This document is organized as follows: Section 2 describes the research method. Section 3 introduces the testing theories featuring in this survey. Section 4 presents the proposed taxonomy. Sections 5 and 6 dive into the details and describe the approaches proposed in the literature. Section 7 presents some additional analyses, along different dimensions, of the papers presented in this survey.
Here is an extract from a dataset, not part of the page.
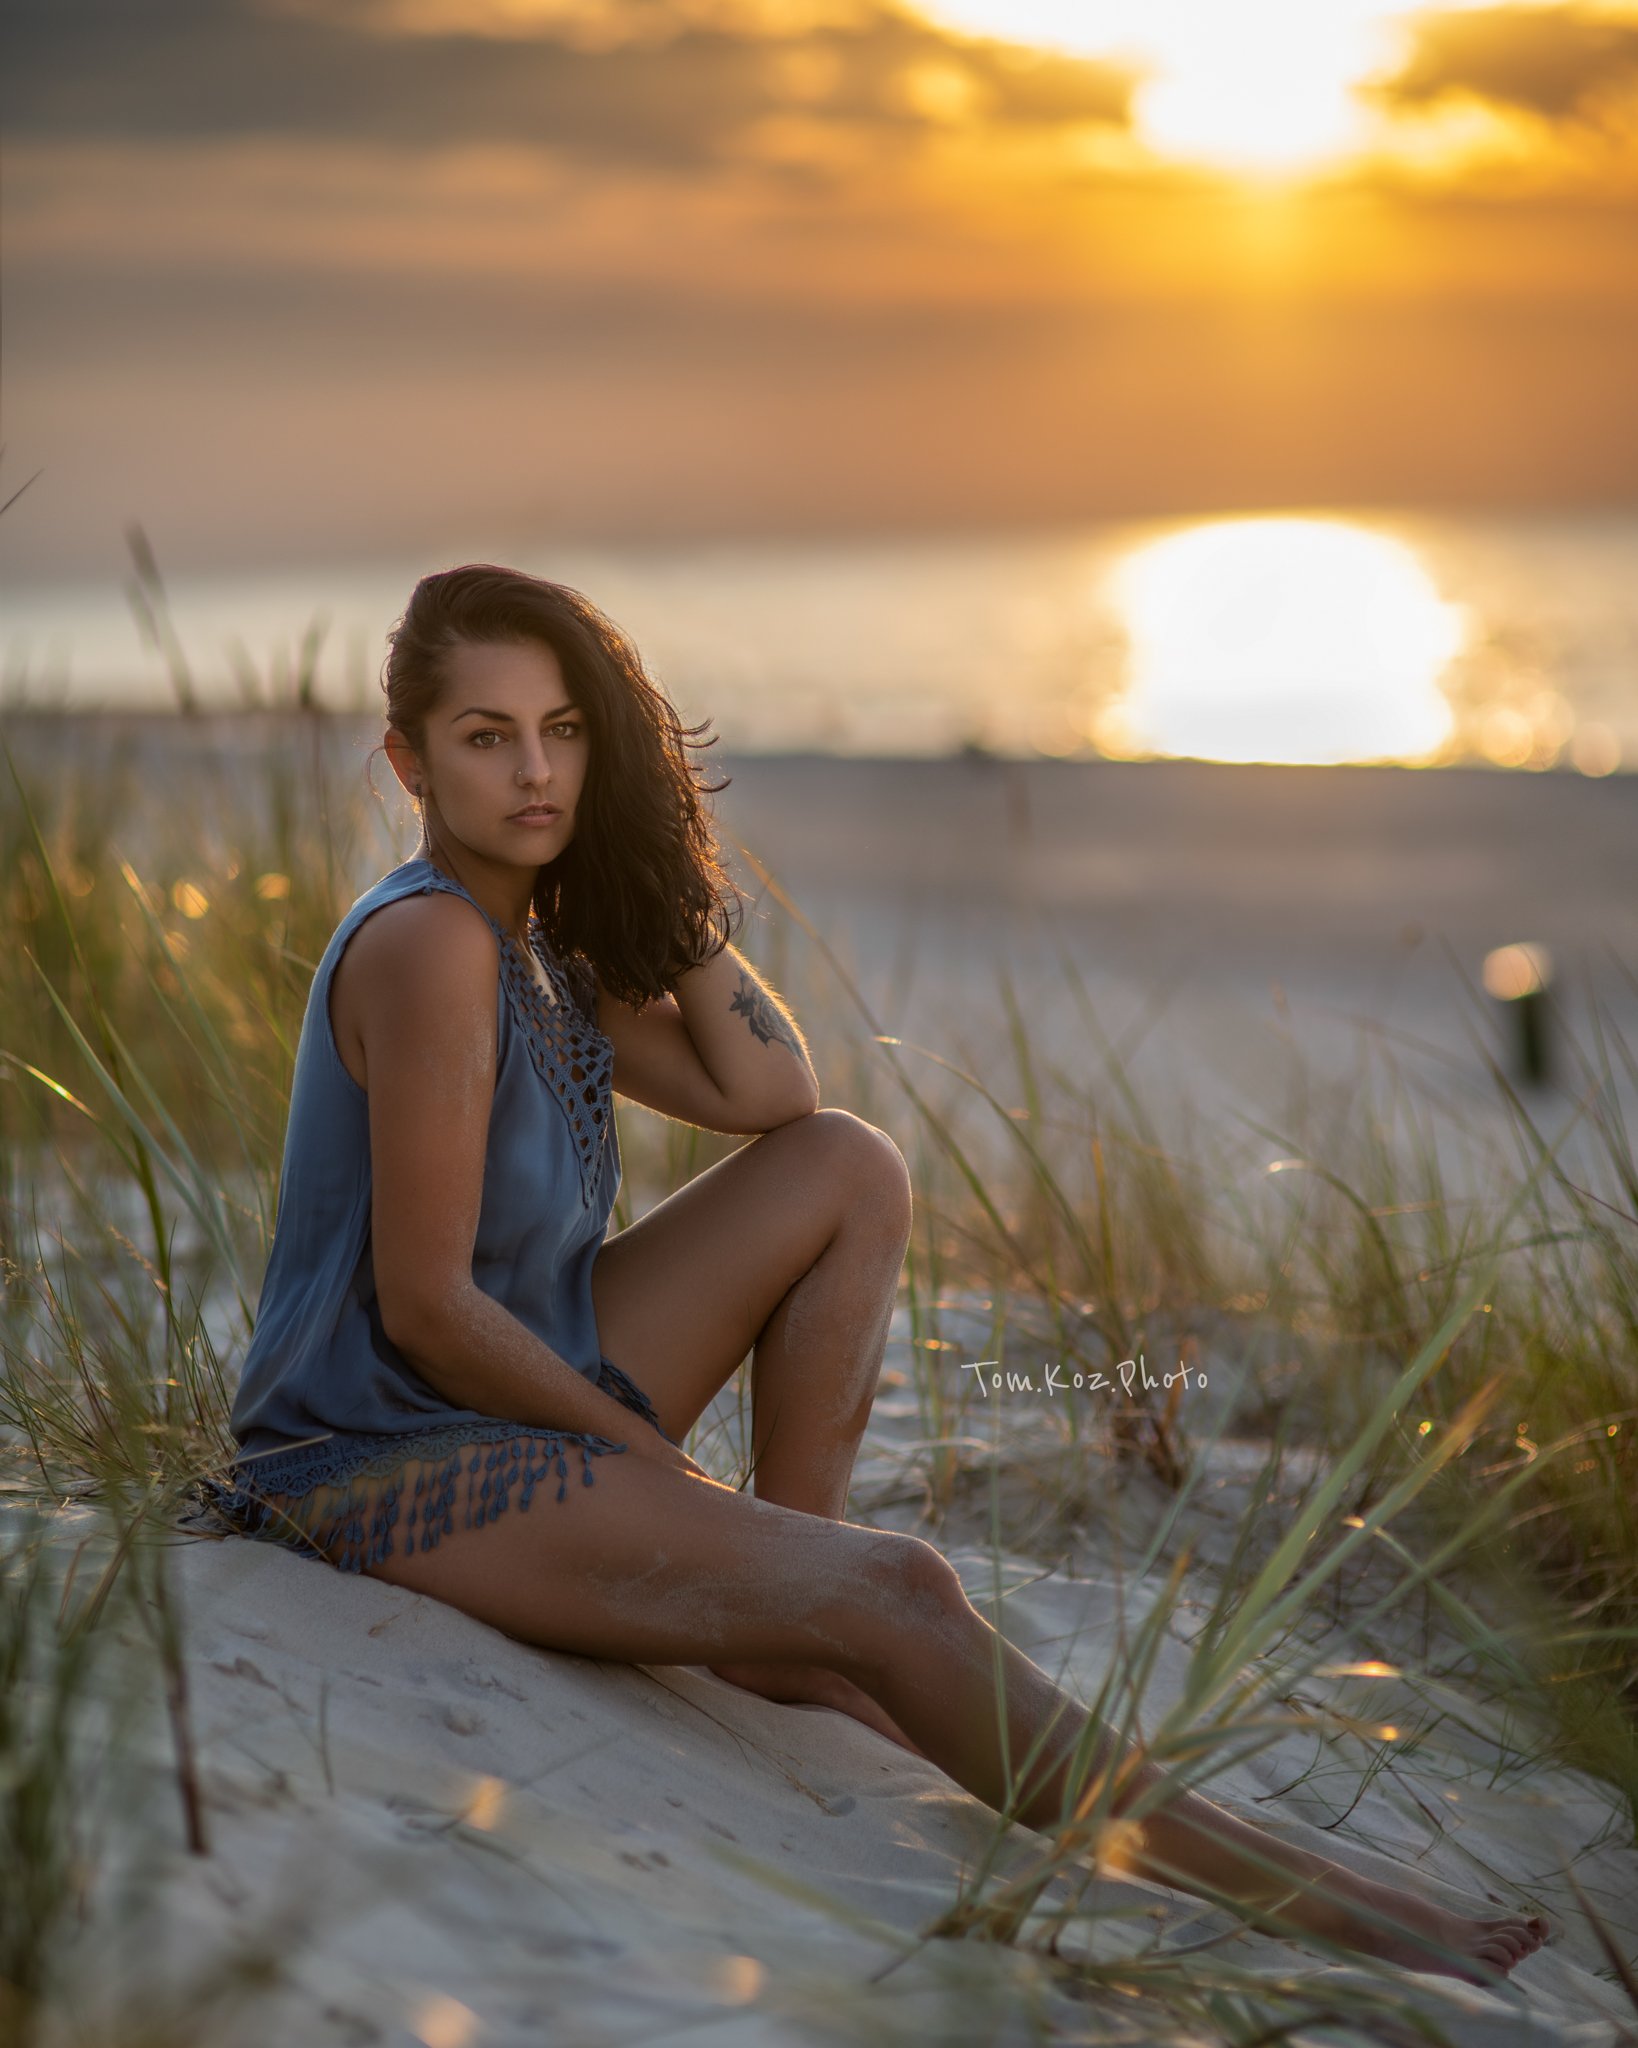 d850, nikon, beach, girl, 85mm, sunset, baltic, poland,  @tom.koz.photo

Section 8 concludes the article.

2 RESEARCH METHOD

To retrieve the works included in this survey, we proceeded as follows:

We performed a comprehensive search on digital libraries (AAAI, ACL, ACM, Elsevier, IEEE, Springer) using relevant keywords; to not miss relevant papers, we also performed the same search on Google Scholar, since it offers wider coverage of works on the Internet, but we only retained peer-reviewed research publications.
We manually filtered all the papers, keeping the ones that satisfy the following criteria: (i) they propose and evaluate approaches that leverage textual information to perform QDE, either as the final target or as an intermediate step; (ii) they focus on the educational domain; (iii) they have been peer reviewed; (iv) they were published in 2015 or later; (v) they are written in English.
We collected all the papers that cited or were cited by the remaining papers; we made use of the citation network, because we observed that the initial keywords—although chosen to include as many relevant works as possible—still failed to retrieve some papers that are relevant to this survey.
We filtered the resulting papers using the same criteria as before.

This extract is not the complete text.